→ About this exercise
Without any of the pictures, set down the data below exactly.

→ Information supplied
++++++++++

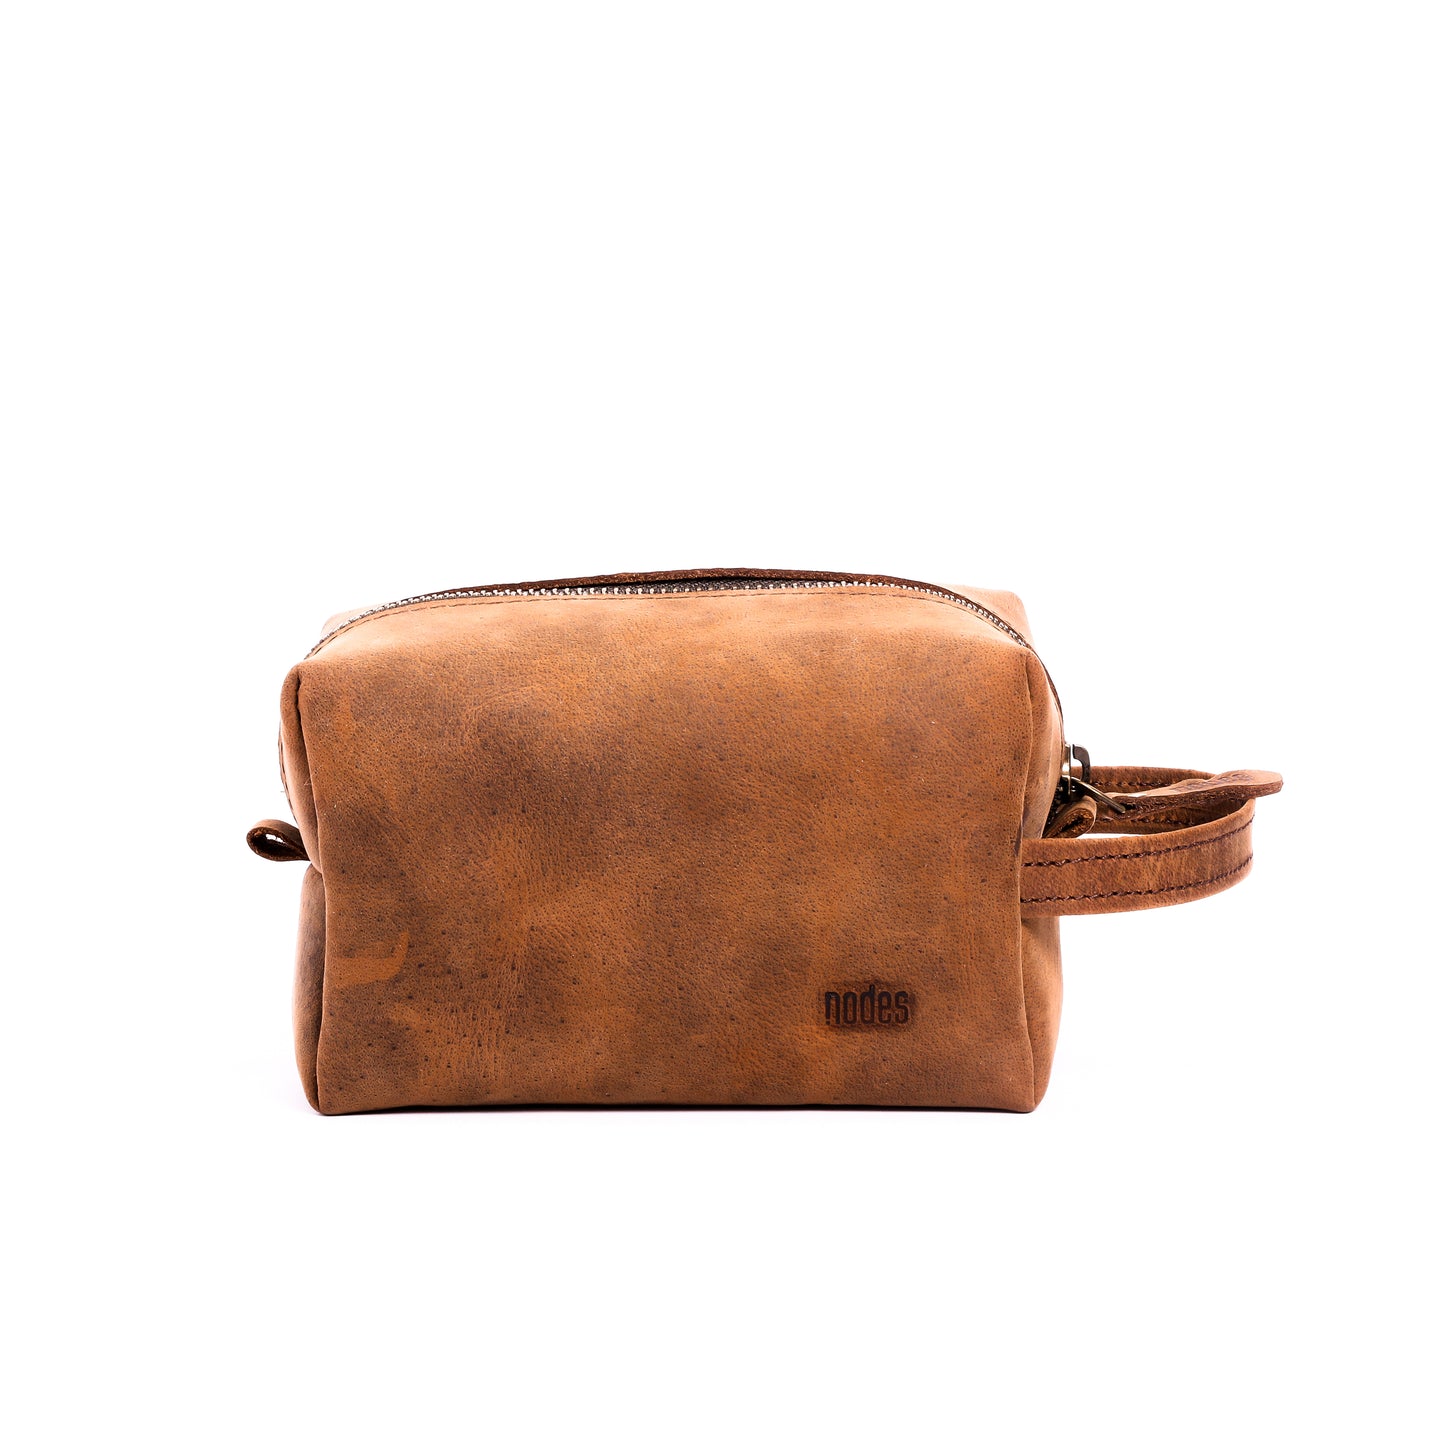 a brown leather toiletry pouch with one big compartment with zipper for travel needs , travel pouch, vanity pouch, leather bag, Genuine leather bag, toiletry pouch.
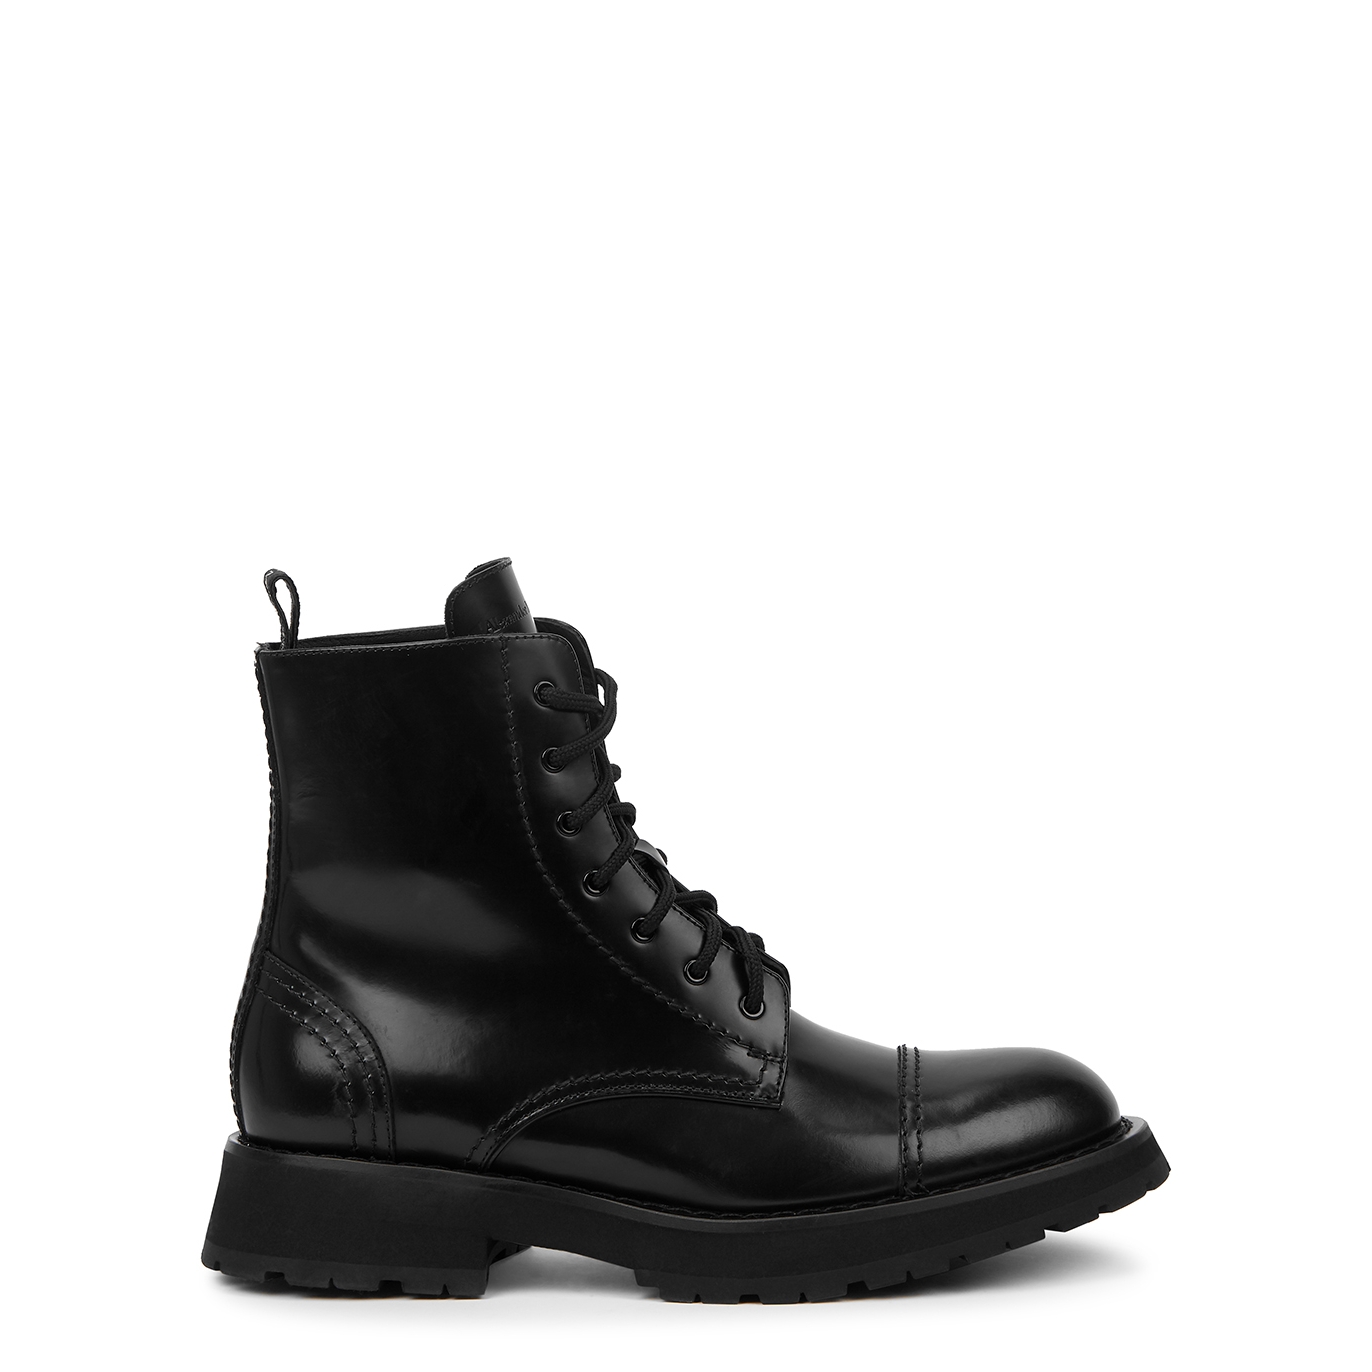 Alexander McQueen Black Leather Ankle Boots - 9
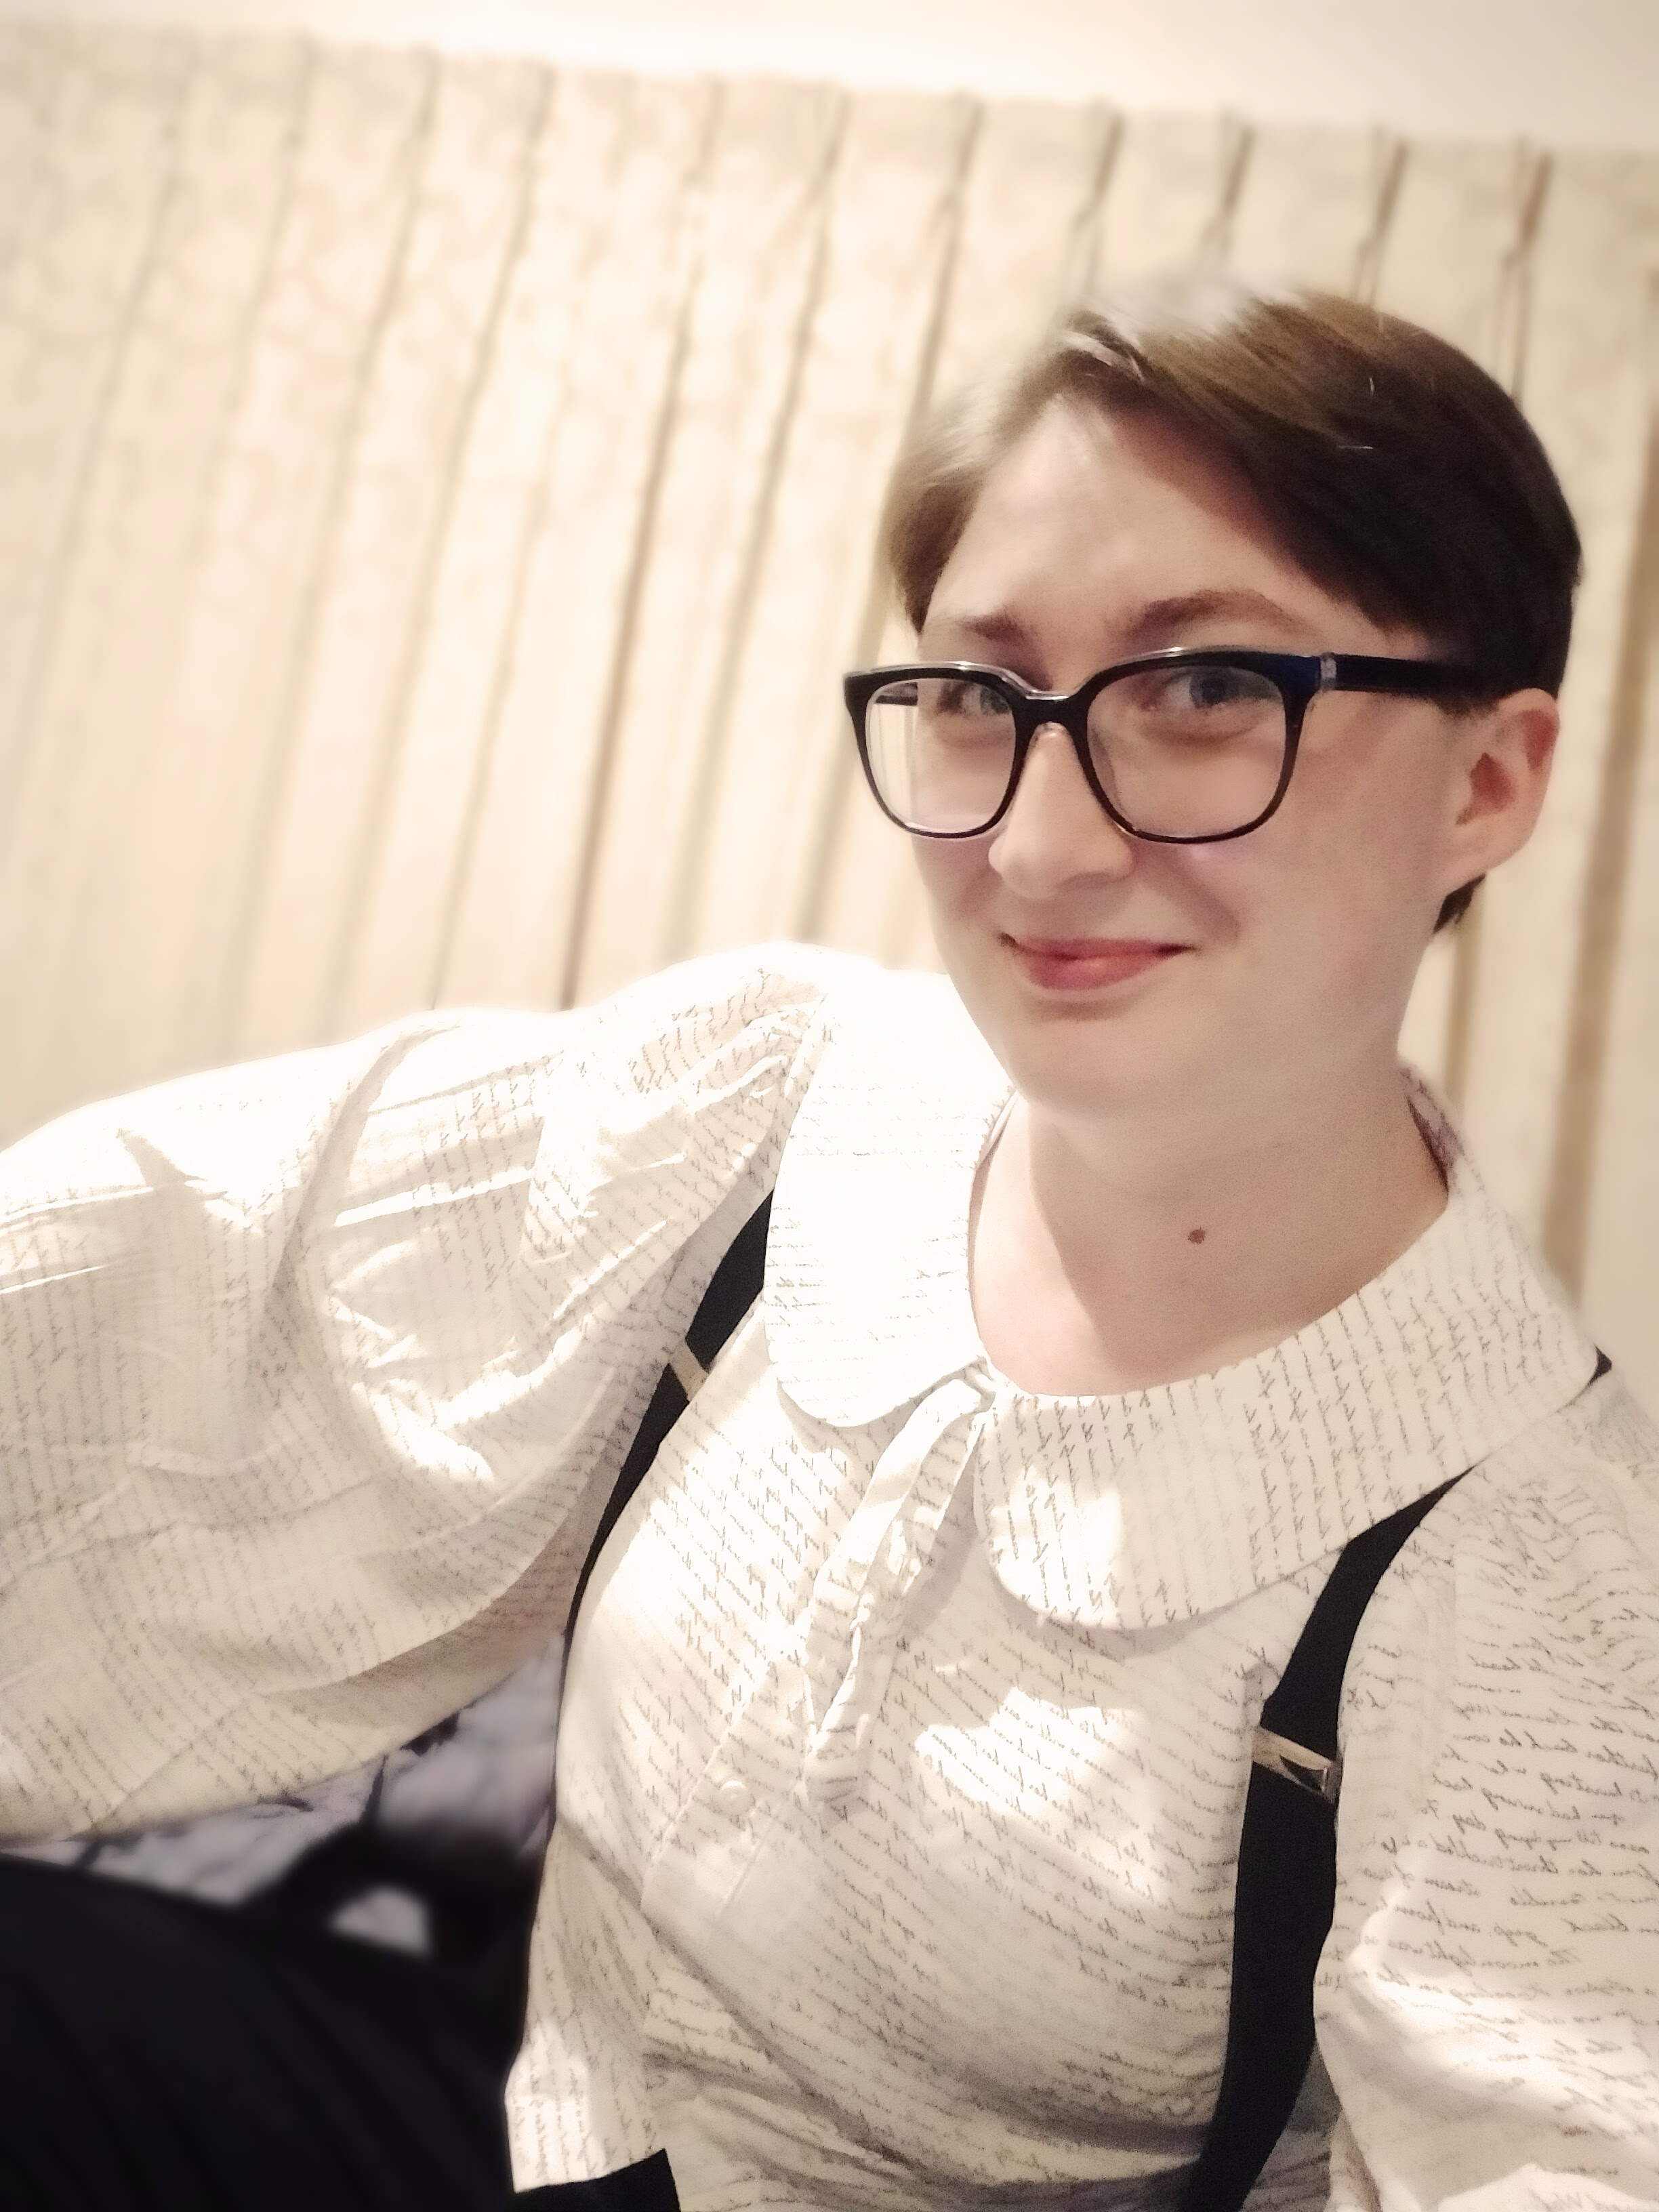 An androgynous person with short brown hair and fair skin smiling at the camera; they are wearing thick-rimmed glasses, a white, balloon-sleeved shirt, black suspenders, and black trousers.

++++++++++

→ Result of the exercise
 a brown leather toiletry pouch with one big compartment with zipper for travel needs , travel pouch, vanity pouch, leather bag, Genuine leather bag, toiletry pouch.
 Alexander McQueen Black Leather Ankle Boots - 9
 An androgynous person with short brown hair and fair skin smiling at the camera; they are wearing thick-rimmed glasses, a white, balloon-sleeved shirt, black suspenders, and black trousers.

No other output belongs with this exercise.